What can be said about health policy also applies to U.S. fiscal policy. Democrats have never been able to shake off the label that they are the party of deficit-financed government spending – that they practice the much maligned, socialist Keynesian economics — in spite of plenty of history to the contrary. Consider, for example, the graph below published by the non-partisan Congressional Budget office (CBO).
The time paths of federal tax revenues and spending clearly show what former Vice President Dick Cheney reportedly explained to an amazed then Secretary of the Treasury Paul O’Neill: “Reagan taught us that deficits don’t matter.”
Deficit financed government spending and tax cuts are usually considered the very core of Keynesian economics, aimed at shoring up the demand side of the economy. It is based on the idea that there is not enough demand to buy the products the supply side could deliver. It is a policy much decried by Republicans and the media supporting them, e.g., The Wall Street Journal or the anchors and talking heads on Fox News TV. It stands in contrast to so-called supply side economics, which seeks to rev up the economy by changing the financial incentives (mainly taxes) and regulatory burden faced by the supply side of the economy, assuming that the barrier to faster economic growth lies on the supply side of the economy.
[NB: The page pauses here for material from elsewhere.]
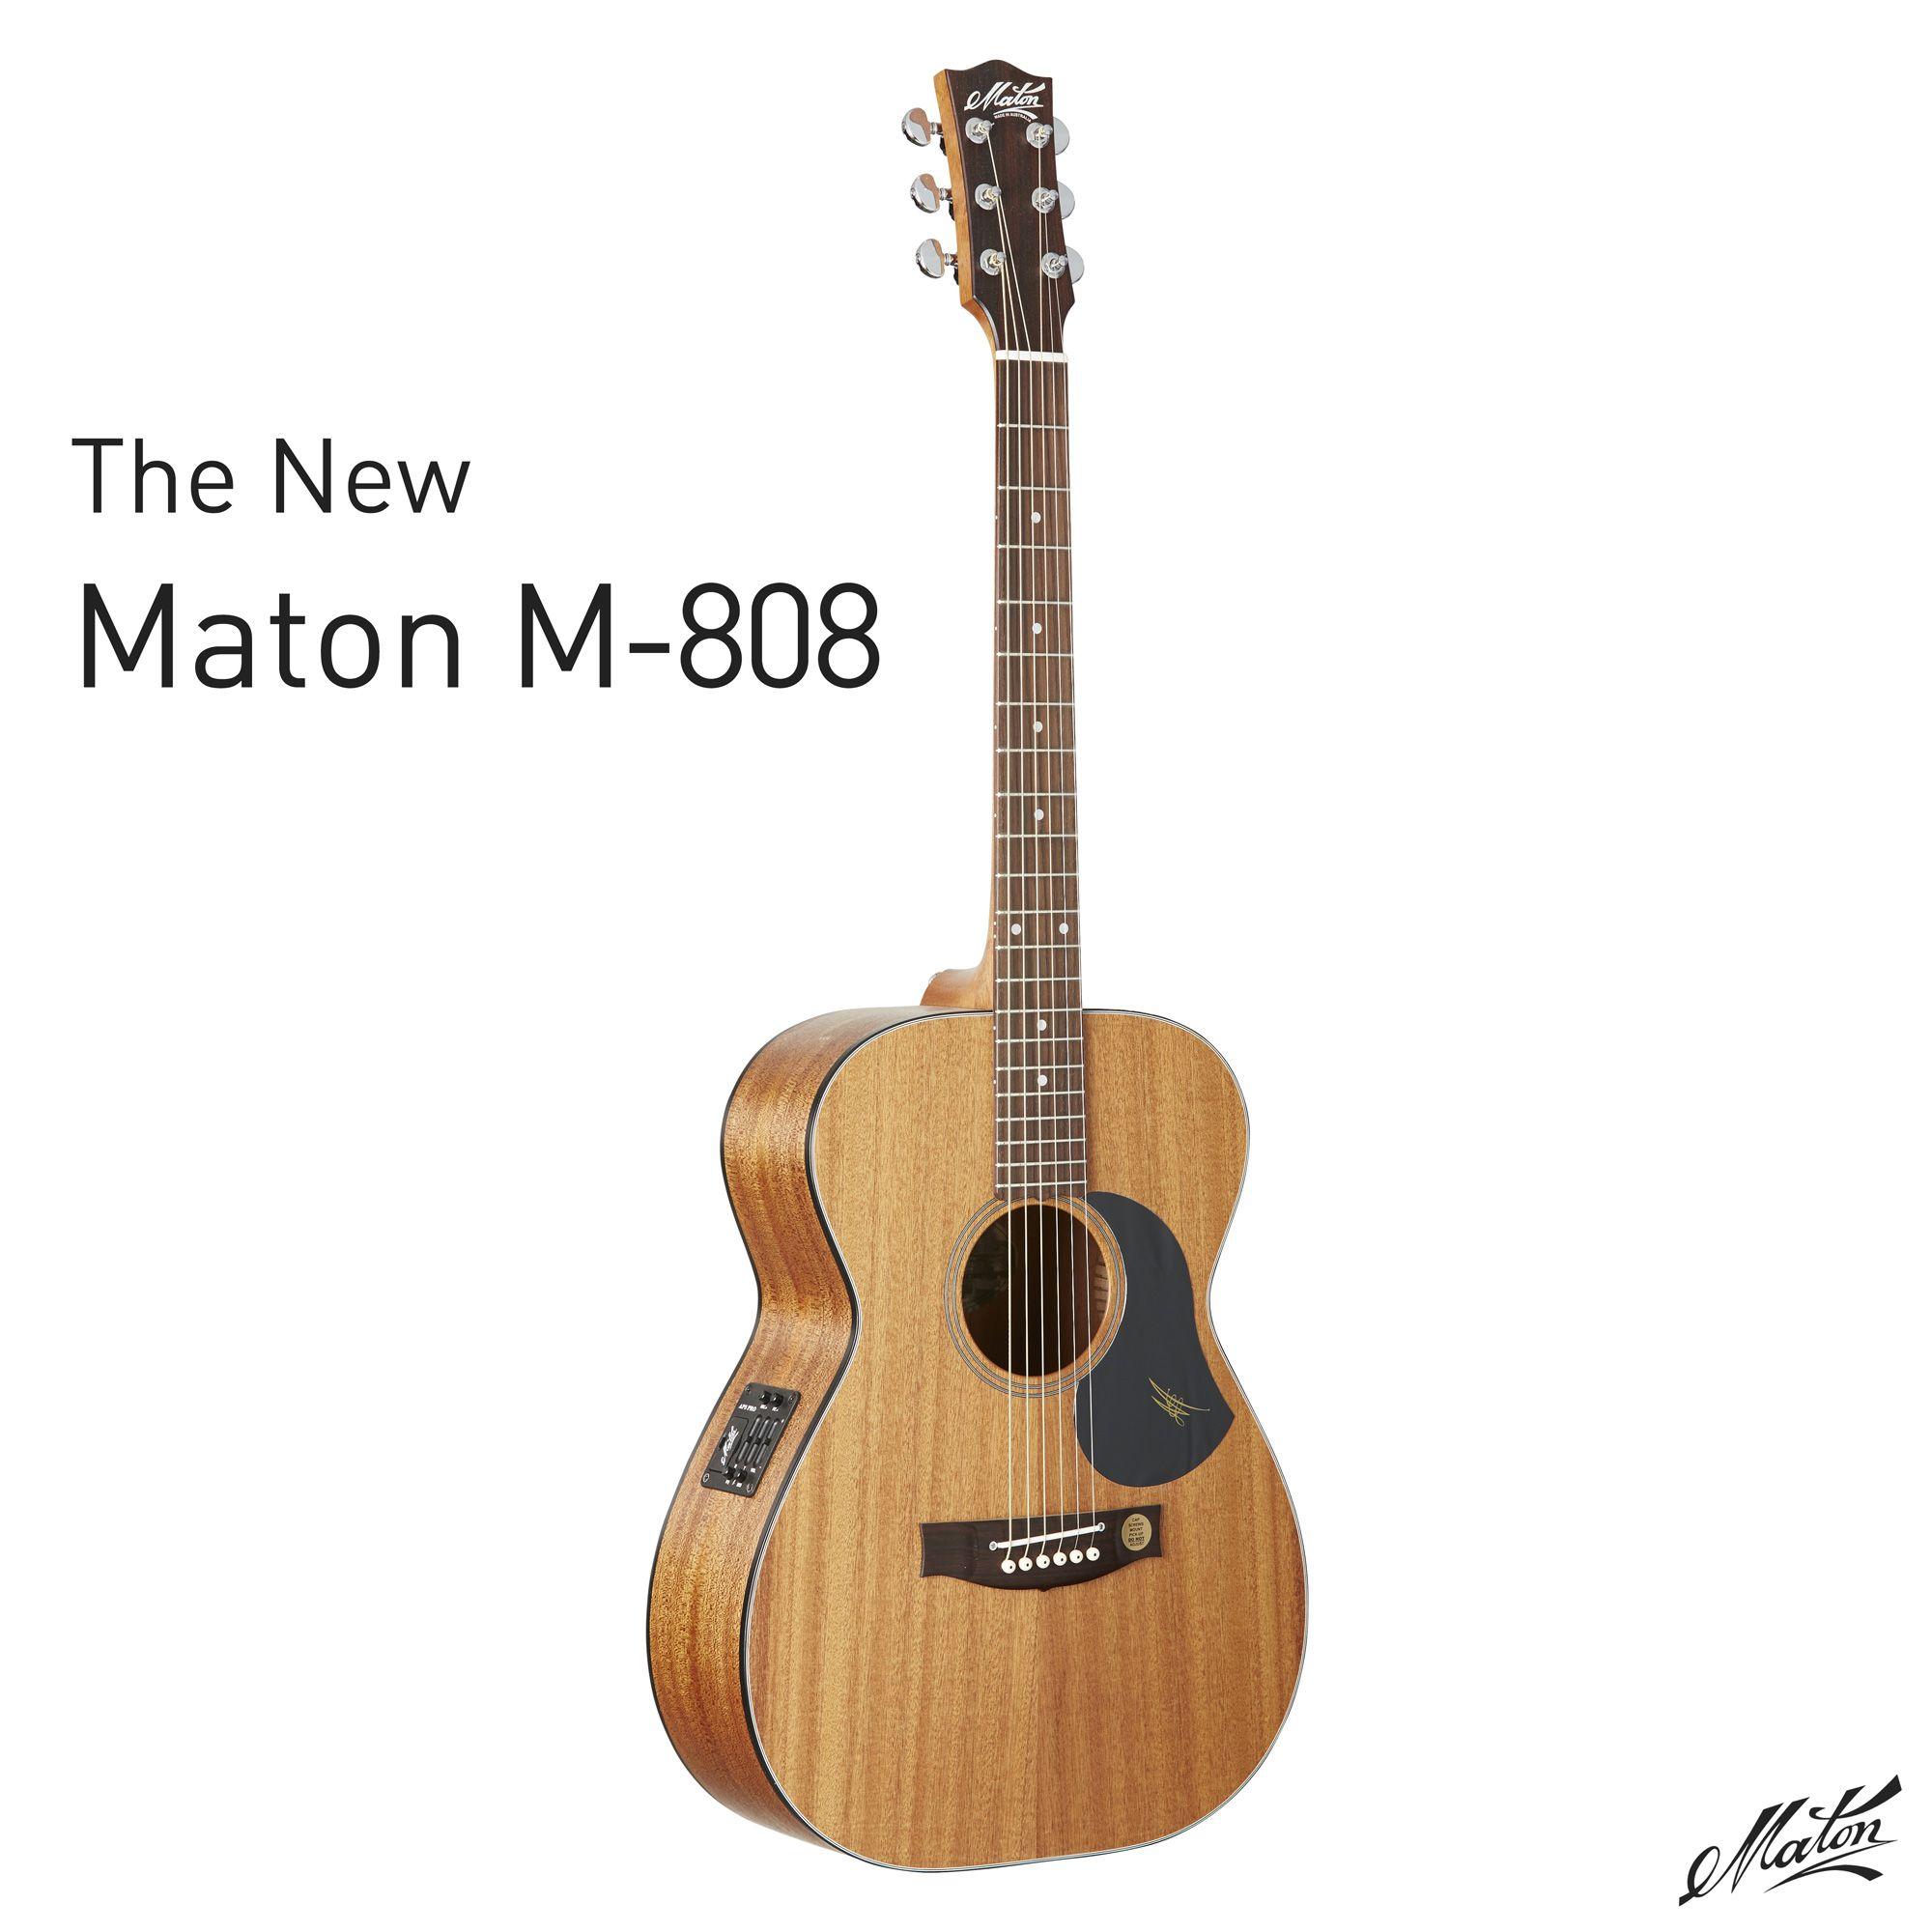 The New Maton M 808 Acoustic Guitar Handmade Mahogany For More Information Visit Http Go Maton Com Au Matonm808

Although during the election campaign in 1980 President Reagan had promised to balance the federal budget by 1984 and rev up the economy just with tax cuts that, through faster economic growth, would be self-financing, in fact his administration coupled the huge cuts in the individual tax rates it got swiftly passed by Congress with huge increases in defense spending and even farm support, driving up federal deficits to levels easily three times as high as the previously much decried, relatively puny deficits registered by President Carter (see chart below). By the end of President Reagan’s eight-year term in office, the public federal debt had tripled. By the time President Bush Sr. left office, it had quadrupled.
Had President Reagan really tried his hand at supply side economics, he would have lowered substantially the corporate tax rate from the statutory level of 35% to closer to 20% or even below, to keep U.S. capital and investments at home. Instead he left the high statutory corporate tax rate in place and even increased the tax take from the corporate sector by closing some loop holes. Reagan’s tax policy – especially his second-term efforts to close loop holes and broaden the tax base — actually seemed to slouch toward policies many Democratic economists would and did support. The point here is that overall, one can fairly argue that Reagan’s fiscal policy slouched much more toward the much maligned Keynesian policy of driving economic growth, rather than to solid supply side economics.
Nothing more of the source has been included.